The terms are often thrown around interchangeably, and there's clearly considerable overlap, but just as often it seems implied that people see something strongly implied by saying that a system is an ORM that isn't implied by it being a DAL. What is that? What, if any, are the key points that differentiate these types of system?
For example, let's say I have some code that implements Database, Table, Column and Row classes, populating them by automatic analysis of an existing database, allowing simplified interaction and so on. It understands, enforces, and takes advantage of structural relationships between database entities, such as foreign keys. All the entity models can be subclassed to load table-specific functionality onto them.
To what extent is this a DAL? To what extent is it an ORM? Why?
ORM = Object-Relational Mapping
In an ORM, classes/objects in the application are mapped to database tables and operations for persistence, sometimes automagically.
DAL = Data-Access Layer
In a DAL, database operations are hidden behind a code facade.
An ORM is a kind of DAL, but not all DALs are ORMs.

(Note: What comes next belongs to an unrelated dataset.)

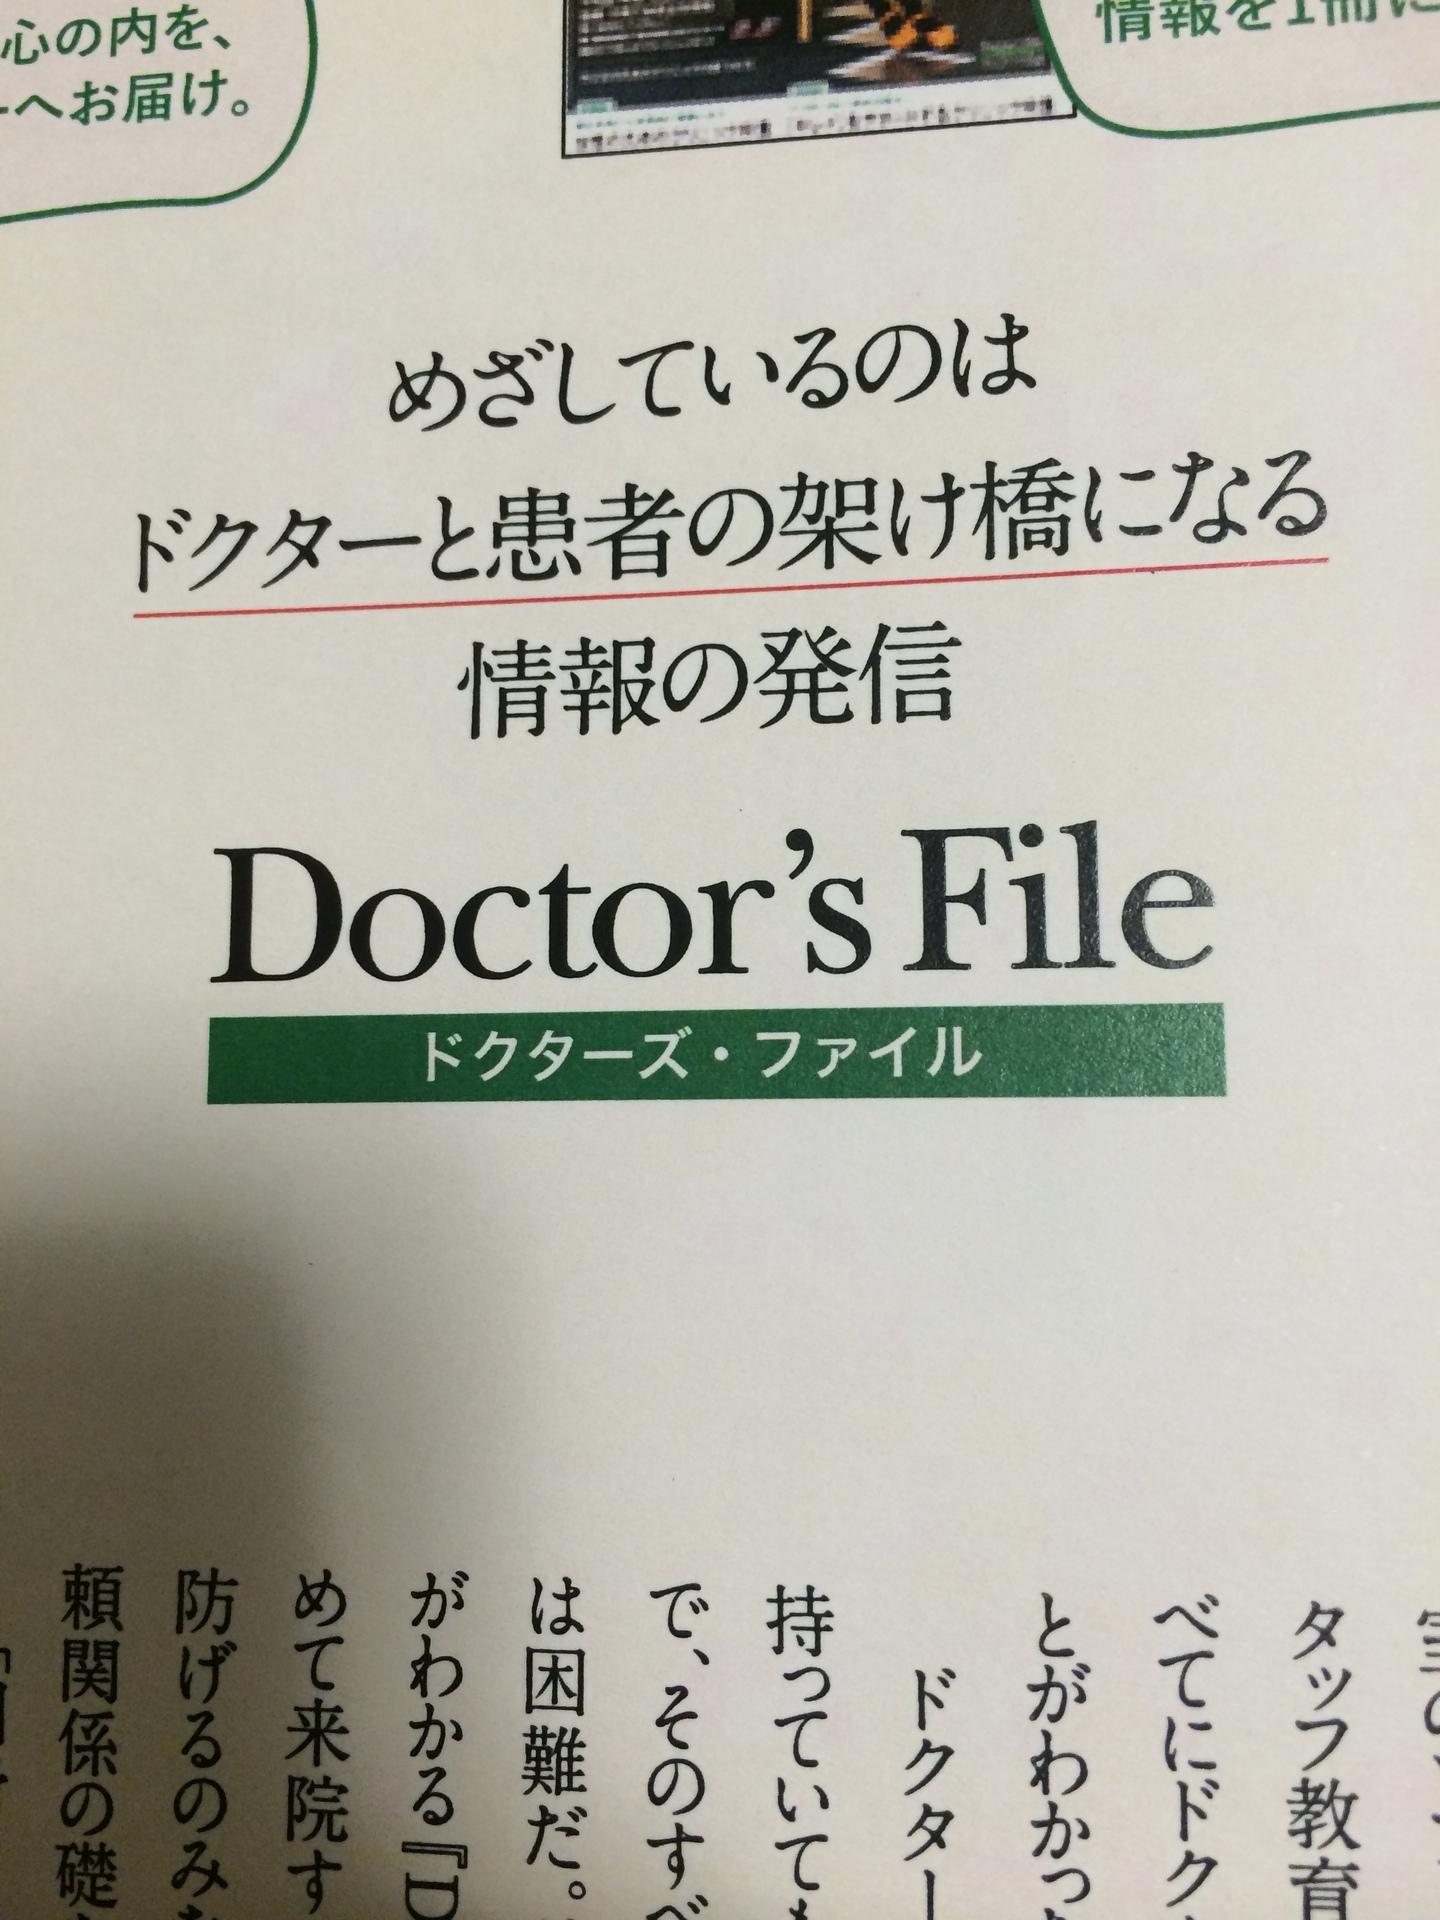 ドクターズファイルとは

I think an ORM is capable of mapping any set of objects to a relational database; whereas a DAL is specific to your application, and probably couldn't naturally be extended to support other objects.
Not only that, but a ORM specifically is concerned with mapping classes to/from the database entities, while a DAL may simply be a way for you to access the data in a database, without any mapping.
Any object orientated DAL connecting to any storage system that is not saving objects implements an ORM. ORM is generally understood to mean something like Hibernate, but the important thing is the handling of impedance mismatches.
[Expanded]
At a data level, an impedance mismatches occur when you are mapping data of one type (relational) into data of another (OO).
For instance, how many times have you seen a line like below in your DAL?
db.AddInParameter(dbCommand, "Name", DbType.String, name);
Or the other side
customerId = Convert.ToInt64(dr["CustomerID"].ToString());
Many issues come up when mapping your primitive data types.
At a object level, your DAL should be returning the structures you intend to use. Be it some sort of business object or just a bunch of raw data. Both your own DAL and the ORM need to handle this.
At a design level, the objects you construct are reflective of your stored data. So a structural difference can occur. These are also handled for you within ORM solutions, but you would be forced to do the same within a DAL. For example, within your OO code it would be nice to implement proper inheritance, but that does not covert easily into something relational.
I just wanted to point out that ORM is a term coined to push products that automate a lot of what you would already have to do within your DAL. The ORM solutions will make life easier and provide a large number of quality/performance benefits. But that doesn't change the fact that one of the major components of your DAL is creating your own ORM.
ORM didn't exist when I started programming. When the first ORMs came out, they were external tools used to create the DAL. Now days, DAL and ORM have intermingled. That's why a lot of developers use the terms interchangeably.
The most well known example of an ORM that functions as a DAL is NHibernate. Other examples are Subsonic and CSLA.NET. These are all .NET tools. IIRC, ORM tools started in the Java world. Other technologies stacks then copied what Java has done.